In the experience, the Lord expressed that it was acceptable for His people to contemplate great and lofty things that He is capable of doing through them. That is the admonition to us in Ephesians 3:20-21---Now to Him who is able to do exceeding abundantly beyond all that we ask or think, according to the power that works within us, to Him be the glory in the church and in Christ Jesus to all generations forever and ever. Amen.If our dreams become exaggerated beyond the parameters of His promise, then He will make adjustments in us that keep it from becoming vain imaginations. With the vision that is being imparted to saints, there is a corresponding faith that is birthed to see it become reality. Our adversary is attempting to bring opposition to those dreams and visions with the anticipated result of birthing hopelessness and depression in its place.

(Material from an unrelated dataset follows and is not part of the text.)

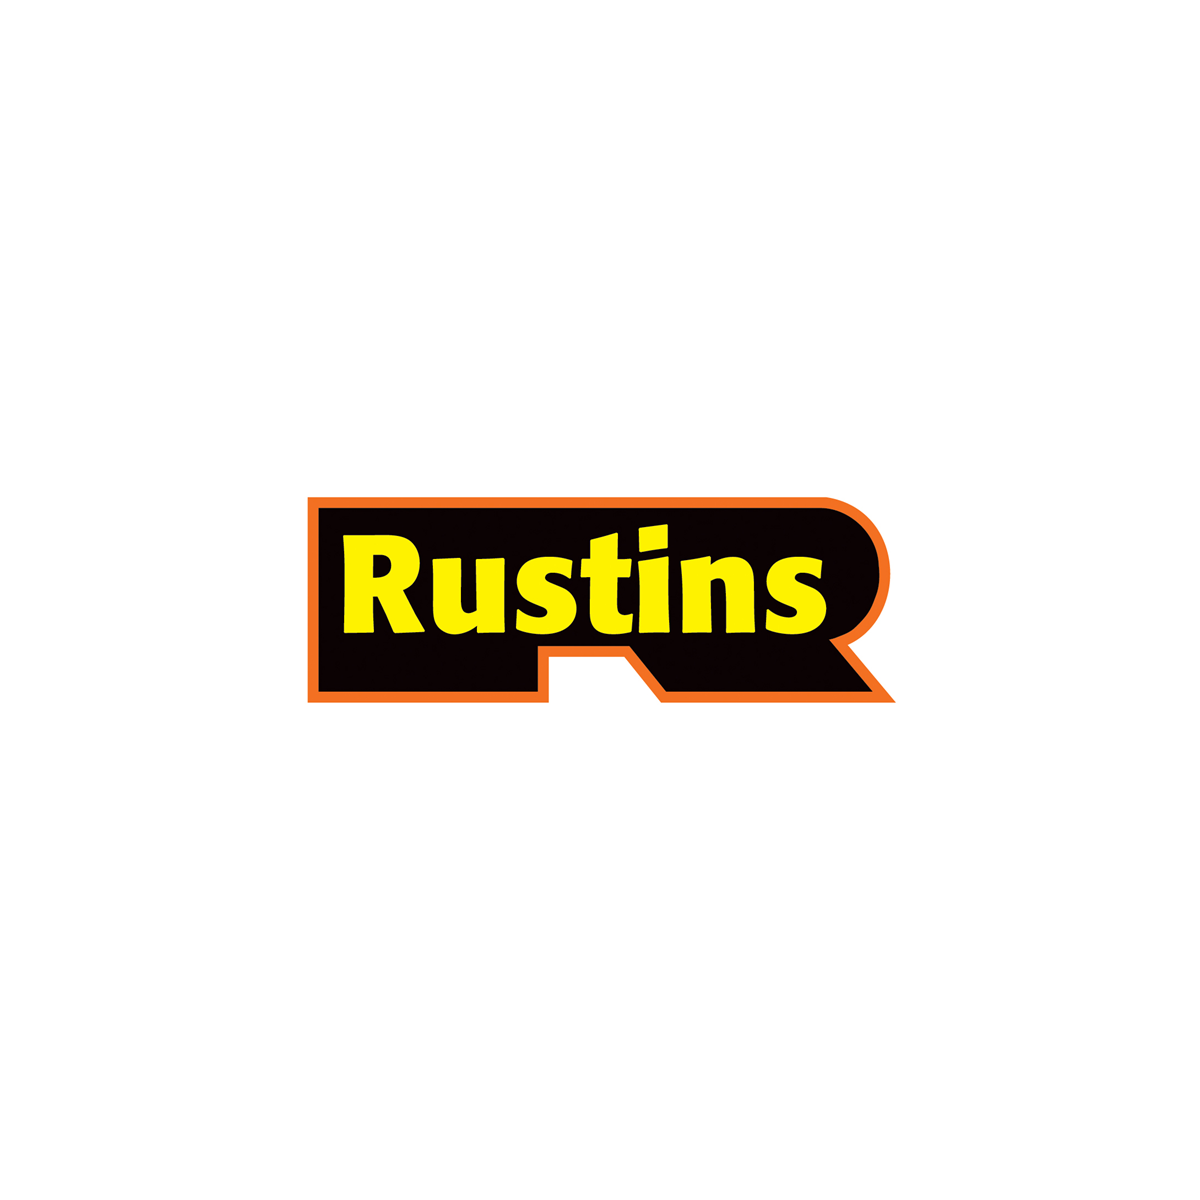 Where to buy Rustins Wood Dye

Psalms 126 was given as an outline for this admonition. Those who dream in the greatness and hopeful expectation of God's restoration are filled with joy. Correspondingly, without vision, people perish in discouragement and confusion and are led into captivity.
We cannot give up the dream and aspiration of being used mightily by the Holy Spirit in the blueprint of Heaven presently being unfolded. We must also continue to dream for our children to be handed a rich spiritual inheritance."